Mancano notizie sulla sua formazione culturale e soltanto la sua nomina a teologo di un uomo di governo rivela in lui un interesse verso i problemi politico-ecclesiastici, maturato sulla base di una moderata attenzione alla tradizione giurisdizionalistica napoletana, come testimonia il suo primo scritto di rilievo, pubblicato anonimo, i Lamenti delle vedove ovvero rimostranze delle vacanti Chiese del Regno di Napoli, I-II, Filadelfia 1784.
La singolarità dello scritto, uno dei tanti che fiorirono in occasione della controversia tra S. Sede e governo napoletano intorno al diritto di nomina dei vescovi, consiste nel fatto che il C. trascura quasi del tutto un esame delle ragioni giuridiche delle due parti; la sua preoccupazione è un'altra: la considerazione del danno religioso, ma soprattutto morale, quindi sociale, prodotto dalle sedi vacanti. L'assenza dei vescovi - secondo il C. - ha favorito il diffondersi dell'irreligione, cui bisogna porre rimedio; nei primi tempi della Chiesa, il vescovo era eletto dal clero e dal popolo; ora è impossibile tornare indietro, la disciplina ecclesiastica è variabile; l'importante è scegliere buoni vescovi e nell'attuale circostanza, dati i contrasti tra il papa e il sovrano, si potrebbe pensare a una futura riforma dei metodi di scelta, intensificando la frequenza dei sinodi diocesani, sia per permettere ai vescovi una più profonda conoscenza della diocesi sia per porre in vista "i soggetti degni di essere eletti vescovi". In questo caso potrebbero essere gli stessi vescovi a compilare un elenco dei soggetti adatti, grazie al quale il papa e il sovrano "sarebbero facilitati nel trovare una comune intesa sui candidati" (I, p. 64). Frattanto bisogna trovare unasoluzione urgente per frenare la corruzione dilagante, fomentata dai "libercoli di scelerati e infami Scrittori, ne' quali si fa orribile strapazzo di quanto vi ha di decenza e di decoro, di sacro e divino in Cielo, e in Terra" (I, p. 196). Il C. crede all'esistenza di un "progetto filosofico" contro la Chiesa e lo Stato; il sovrano stia attento: solo la religione "ha consolidato l'autorità de' moderni governi, ed arrestato il corso alle frequenti rivoluzioni" e più di ogni altro strumento repressivo è in grado di mantenere a freno gli uomini "Co' suoi dogmi dell'immortalità dell'anima, e de' premj, e delle pene future" (I, p. 223). In caso estremo di necessità, per il bene comune, se nessun altro vi provvede - conclude il C., richiamandosi a una vecchia "consulta" di Gaetano Argento -, dovrà essere il sovrano in qualità di protettore della Chiesa a nominare i vescovi.

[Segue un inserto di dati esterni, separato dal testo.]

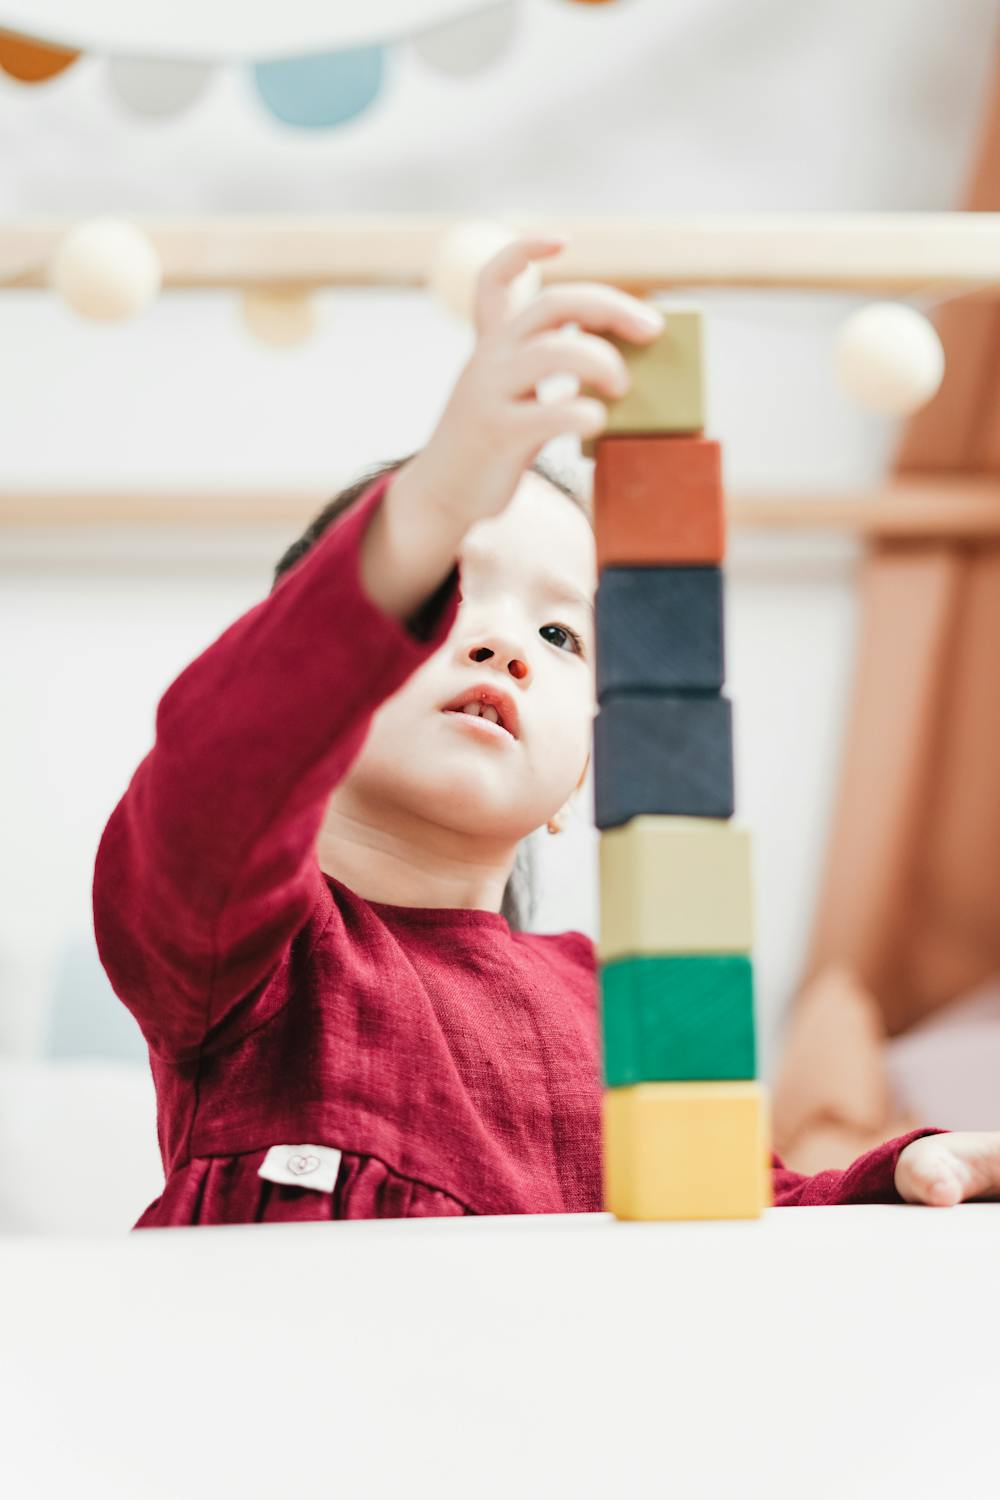 child building tower with blocks

In un momento in cui Napoli era inondata di libelli violentemente anticuriali, l'opera del C. venne accolta come "cosa molto rara nel tempo corrente" (Arch. Segr. Vat., Napoli 307, f. 51) dall'inviato straordinario pontificio, Lorenzo Caleppi, cui l'autore stesso l'avevaconsegnata perché venisse inviata in omaggio al pontefice. Ma molti concetti e affermazioni in essa contenuti (storicità della disciplina ecclesiastica, moderato giurisdizionalismo, desiderio di riforma dei costumi di un clero giudicato corrotto, ed anche l'eccessiva enfasi nel dichiarare il valore strumentale della religione) suscitarono un'accoglienza fredda a Roma, donde il segretario di Pio VI, Callisto Marini, confessava al Caleppi di non scorgere nell'opera "l'accorgimento del serpente accoppiato coll'innocenza della colomba" e gli raccomandava di "disimpegnarsi coll'autore senza disobbligarlo, se Nostro Signore non può ora rispondergli" (lettera del 23 ag. 1786, in Savio, pp. 26 s.).

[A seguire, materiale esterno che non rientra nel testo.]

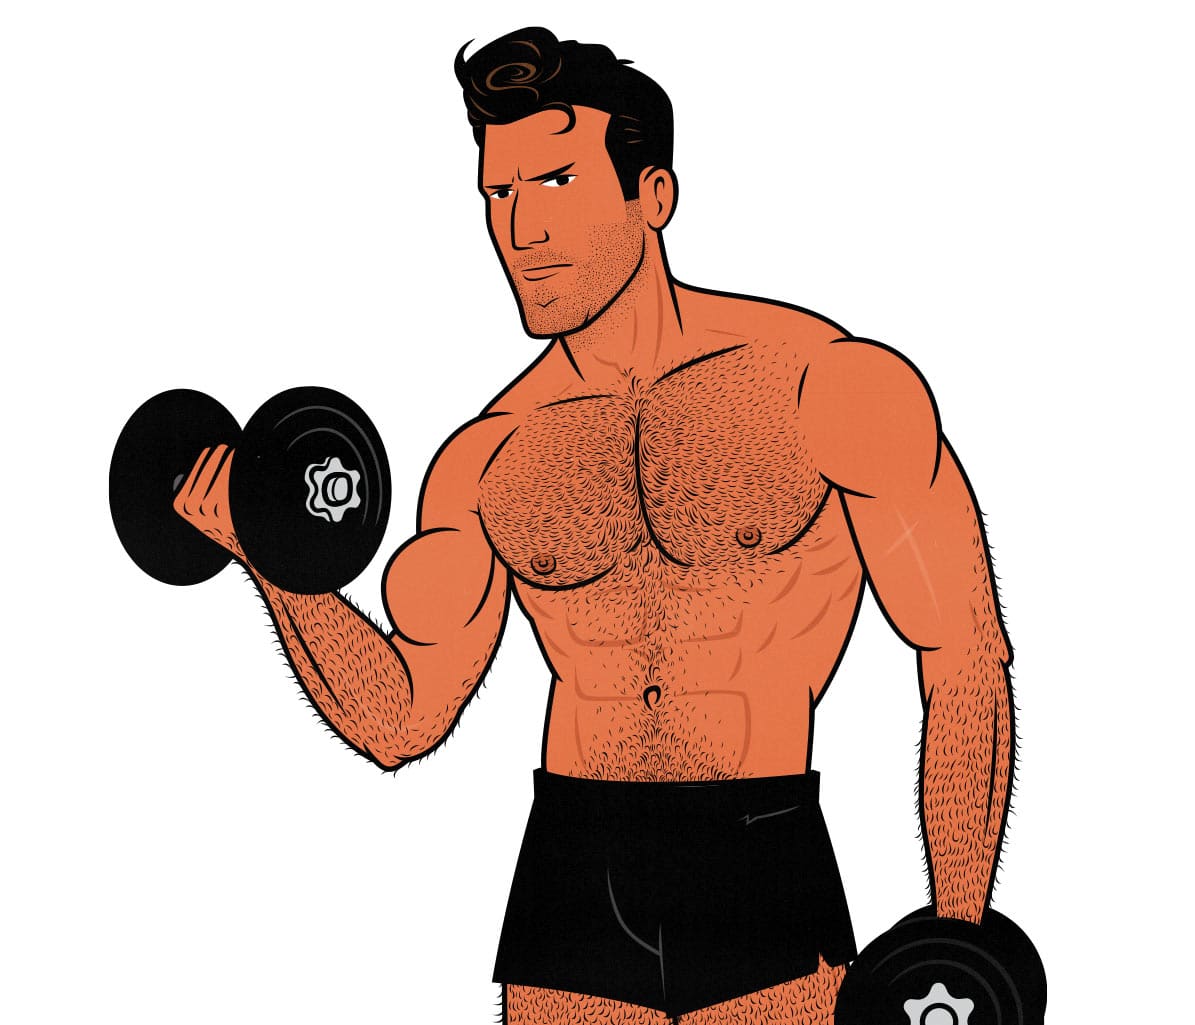 Illustration of a weight lifter doing biceps curls to build bigger arms.

Di minor impegno ideologico fu la traduzione delle Recherches sur l'origine des découvertes attribuées aux modernes..., Paris 1766, di Louis Dutens, pubblicata a Napoli in due volumi nel 1787 con il titolo: Origine delle scoperte attribuite a' moderni in cui si dimostra,che i nostri più celebri filosofi hanno attinta la maggior parte delle loro cognizioni nelle opere degli antichi... (seconda edizione, Venezia 1789), cui il C. aggiunse un terzo volume, Tentativo di una transazione tra gli antichi e i moderni intorno alla preminenza sull'invenzione,miglioramento e perfezionamento delle scienze e delle arti..., Napoli 1787, in cui viene smorzata la carica antilluministica del Dutens e in cui, pur nella chiara volontà di rivalutare la cultura tradizionale, è evidente il tributo pagato dall'autore alle idee del secolo "illuminato", quali il concetto di progresso ininterrotto della storia e quello dell'inesauribile capacità della ragione umana.
Nel 1790, il C. era priore provinciale della Congregazione di S. Marco. L'anno successivo trovò il tempo di scrivere un curioso ed arguto pamphlet,Giannone da' Campi Elisi ovvero conferenze segrete tra un savio ministro di Stato e l'avvocato Pietro Giannone intorno ad importantissimi obbietti,che riguardano il ben essere della nazione napoletana, s.l. 1791.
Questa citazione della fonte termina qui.